You have to read the first 15 pages of the complaint to appreciate the full frustration of the applicant that filed that lawsuit, but a few highlights are below.

The applicant bringing the lawsuit says it is a social justice applicant majority owned by a veteran with African Americans also among the team and other ownership. These allegations in the complaint are not yet proved, but presumably represent what the plaintiff in good faith thinks it can prove up:

In September 2020, the Illinois Department of Financial and Professional Regulation awarded application scores to candidates and proposed to award 75 dispensary licenses collectively worth more than $1 billion, to a group of 21 companies, “many if not most owned by politically connected insiders.” The applications had been graded by KPMG pursuant to a no-bid, $4.2 million contract awarded by the State of Illinois. The Department proposed to issue those licenses to the companies by lottery, without any administrative judicial review for over 4,000 other applicants that the state deemed ineligible to participate in the lottery. The plaintiff was not provided with the score it had received.

In response to public outcry over the lottery process, the Department allowed applicants who had not received a perfect score to submit an amended application addressing any deficiencies. But the Department still had not told the plaintiff what its score was; KPMG and the Department ignored requests to provide the score.

The Department and KPMG then told the applicant that it had not received any score because its application was late, which was because KPMG was using Greenwich Mean Time, not Illinois local time, for the deadline application.

The Department apparently changed its mind, provided the score and advised the applicant that three separate lotteries would be used to issue the licenses, two of which were to be based on “Social Justice” and “Social Equity” criteria. The third would be entirely random and only for applicants with perfect scores.

Based on their corporate registrations and news articles, at least some of the approximately 55 Qualifying Application Lottery winners are politically connected and/or well connected individuals. The complaint lists quite a few. Applications were not anonymous, which the complaint implies opened the door to insider favoritism.

Because of the way the process has been set up by the Department, “Plaintiff is being denied explanation as to why they did not receive a perfect score and any post announcement hearing to challenge the denial of their eligibility to participate in the Tied Applicant Lottery.”

“Absent emergency injunctive relief, by the time Plaintiff has any opportunity for judicial review in this Court, they will have no remedy. The State will argue that it is too late to afford them a License, because the Plaintiff will have been provided an explanation as to why they did not receive a perfect score, not have provided time to challenge, and the 75 dispensaries will be under construction. The State will further argue that there is no entitlement to damages because once the Lottery is over, Plaintiff could never prove definitively that their lot would have been drawn entitling them to a License.”

Toi Hutchinson.

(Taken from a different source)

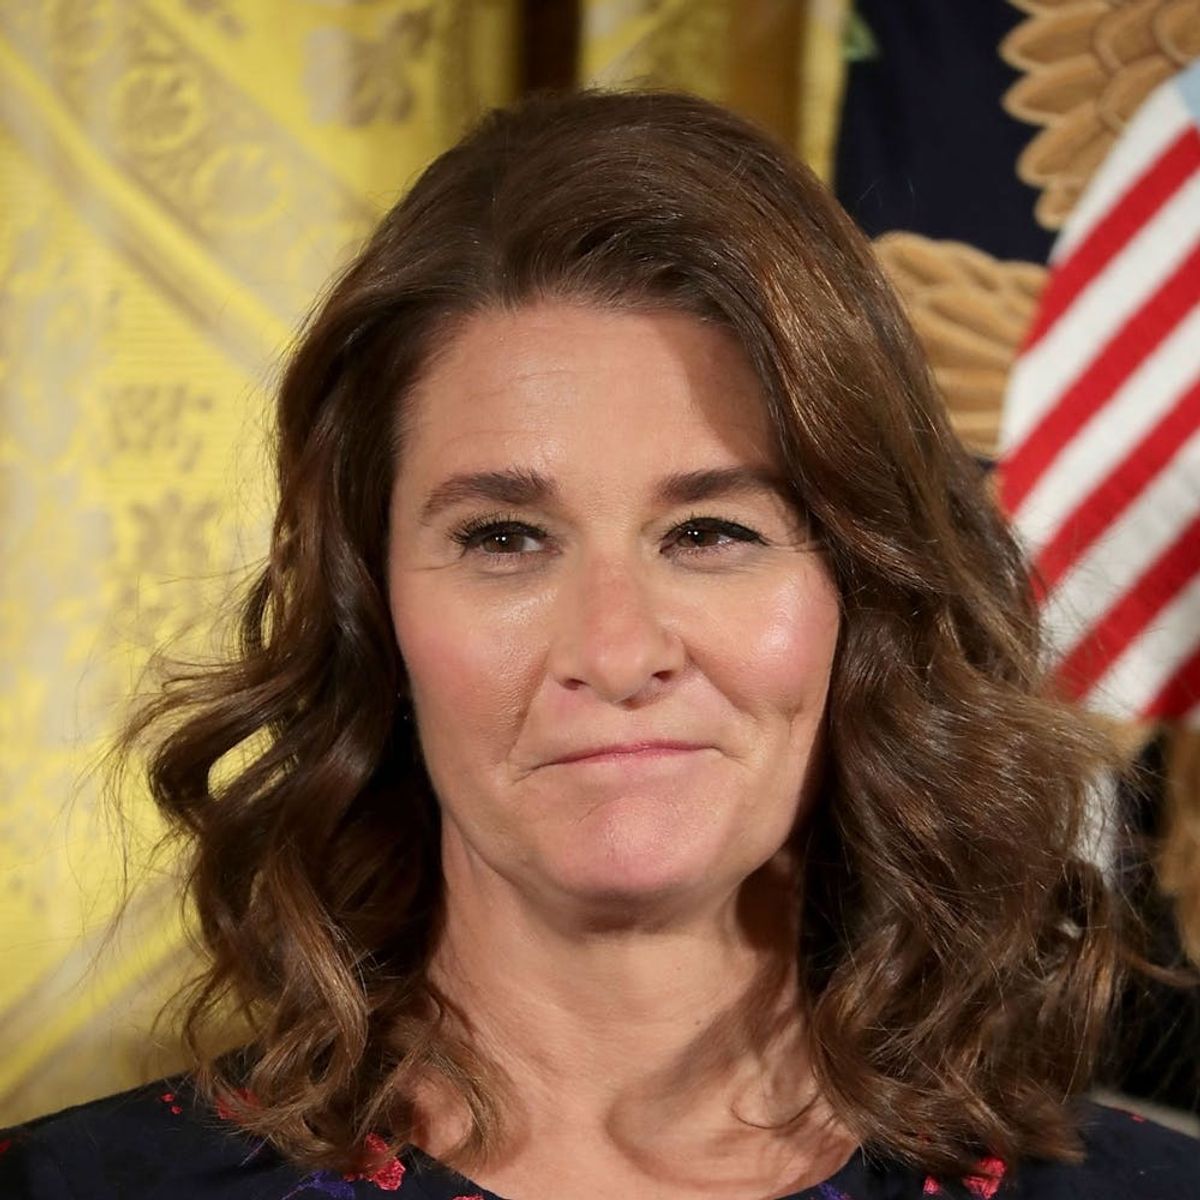 Melinda Gates Hopes to Help 96 Million Women Gain Access to Birth Control Over the Next 3 Years

Source: Chicago Sun-Times.

Serving as “pot czar” for the Pritzker Administration is Toi Hutchinson, a former state senator who helped craft the legislation for the licensing process.

Earlier this month the Chicago Sun-Times wrote that she “sought to spin the announcement of the lottery — the latest issue in a licensing rollout marked by controversy and delays — as an example of officials being ‘as fair as possible’ throughout the process. Despite the myriad of issues, she claimed the state is making good on its push to diversify the lily white weed industry, citing the designated winners of the next batch of lucrative cannabis licenses.”

It will take more than spin to sort this out.